Ste2p (yellow in merged image) is localized to vesicles that are proximal and perhaps continuous with furrow-like invaginations of the plasma membrane (arrows) and colocalizes with actin (red in merged image). Adjacent-face double localization of Ste2p and actin in wild-type cells before (A and B) and after (t = 5 min; C and D) exposure to α-factor is shown. Note that the anti-Ste2p section in A does not appear to be associated with a plasma membrane invagination until the adjacent section is examined. Note also in D that the “tip” of the furrow-like invagination (asterisk) has anti-actin antibodies localized around it. Bar, 0.1 μm.

Figure 7

Antibodies directed against the vacuolar protease CPY (A) and the 90-kDa subunit of the vacuolar H⁺ ATPase Vph1p (B) localize to the vacuole and vacuole-associated compartments in wild-type cells. Note that the anti-CPY antibodies localize within the vacuole and the vacuole-associated compartment and that anti-Vph1p antibodies localize to the membrane of the vacuole and the perivacuole compartment. These perivacuole compartments, but not the vacuole, localize antibodies directed against Ypt51p (C and D). Note that the vacuole-associated compartments appear as tubular–vesicular structures having internal membranes. V, vacuole; g, Golgi.
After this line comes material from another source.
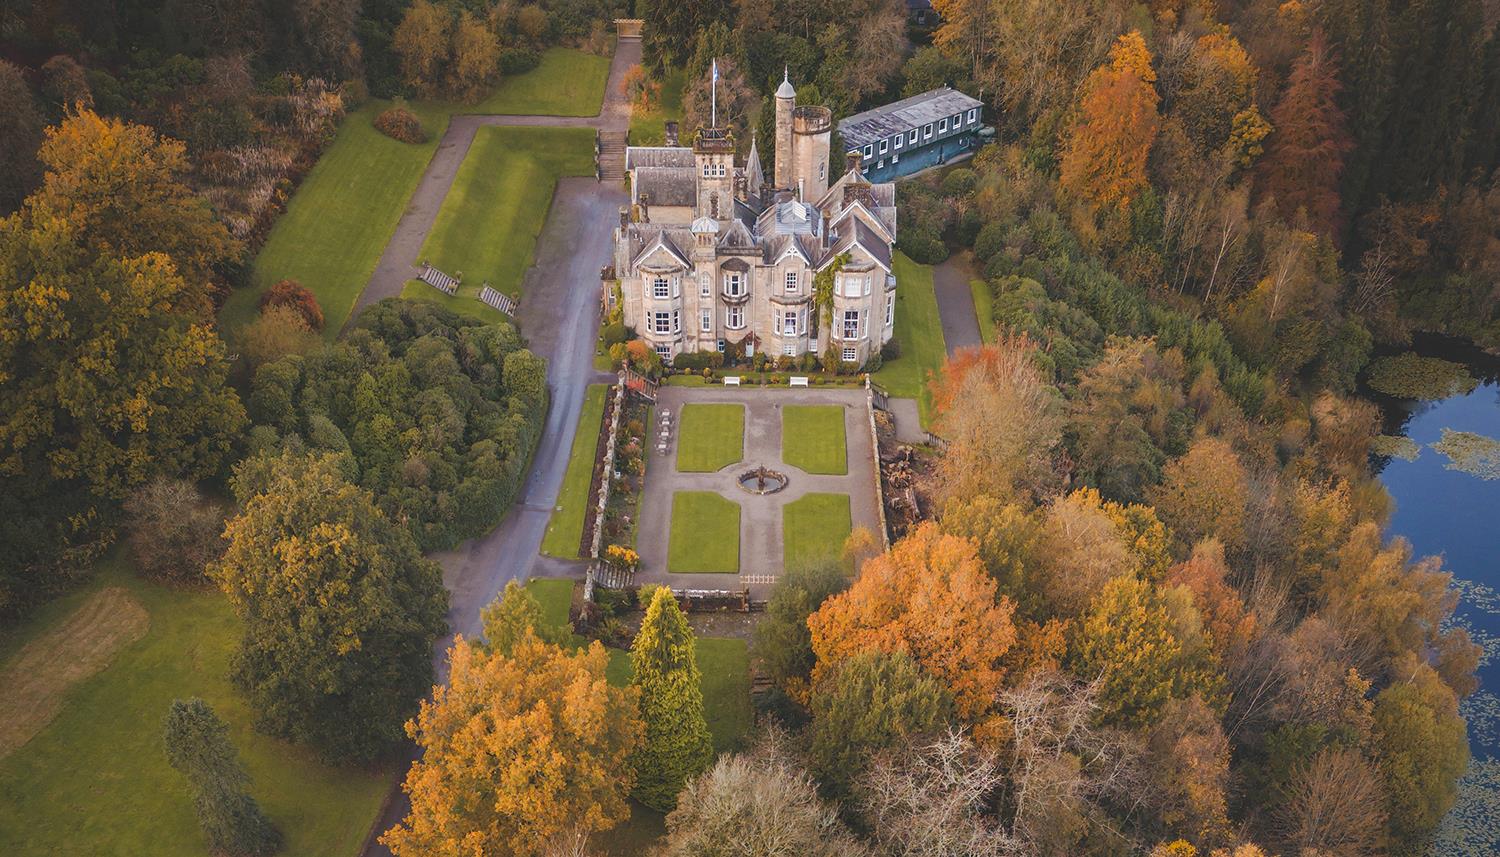 Ariel view of the venue. Photo Credit: Duncan Ireland Photography

Bar, 0.5 μm.

Figure 8

CPY and internalized Ste2p colocalize in prevacuole compartments. (A and B) Adjacent-face double localization of anti-Ste2p (yellow in merged images) and anti-CPY (red in merged images) antibodies after 15 min of continuous exposure to α-factor at 25°C. Note that the prevacuole compartments appear to be interconnected. (C) Example of adjacent-face double labeling with Ste2p antibodies only. Note that the first section of C shows a grazing cut through a prevacuole compartment that contains vesicles to which Ste2p is localized (arrows). This prevacuole compartment appears to be fusing with the vacuole. V, vacuole. Bar, 0.1 μm.

Figure 9

Prevacuole compartments are late endosomes. Quantitation of Ste2p and CPY in prevacuole compartments after exposure to α-factor at 25 or 37°C. For each time point 300 cell sections were observed, and the number of CPY- or Ste2p-containing endosomes was counted. (A) Percentage of cell sections that were observed with CPY or with Ste2p antibody localization. (B) Average number of marker-positive (Ste2p or CPY) endosomes that were observed within those cell sections.